### YOUR GOAL
Write out the whole listing exactly as it is written below.

### DATA SECTION
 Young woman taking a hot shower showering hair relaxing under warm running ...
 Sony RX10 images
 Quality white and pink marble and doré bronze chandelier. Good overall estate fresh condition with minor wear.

### TASK RESULT
 Young woman taking a hot shower showering hair relaxing under warm running ...
 Sony RX10 images
 Quality white and pink marble and doré bronze chandelier. Good overall estate fresh condition with minor wear.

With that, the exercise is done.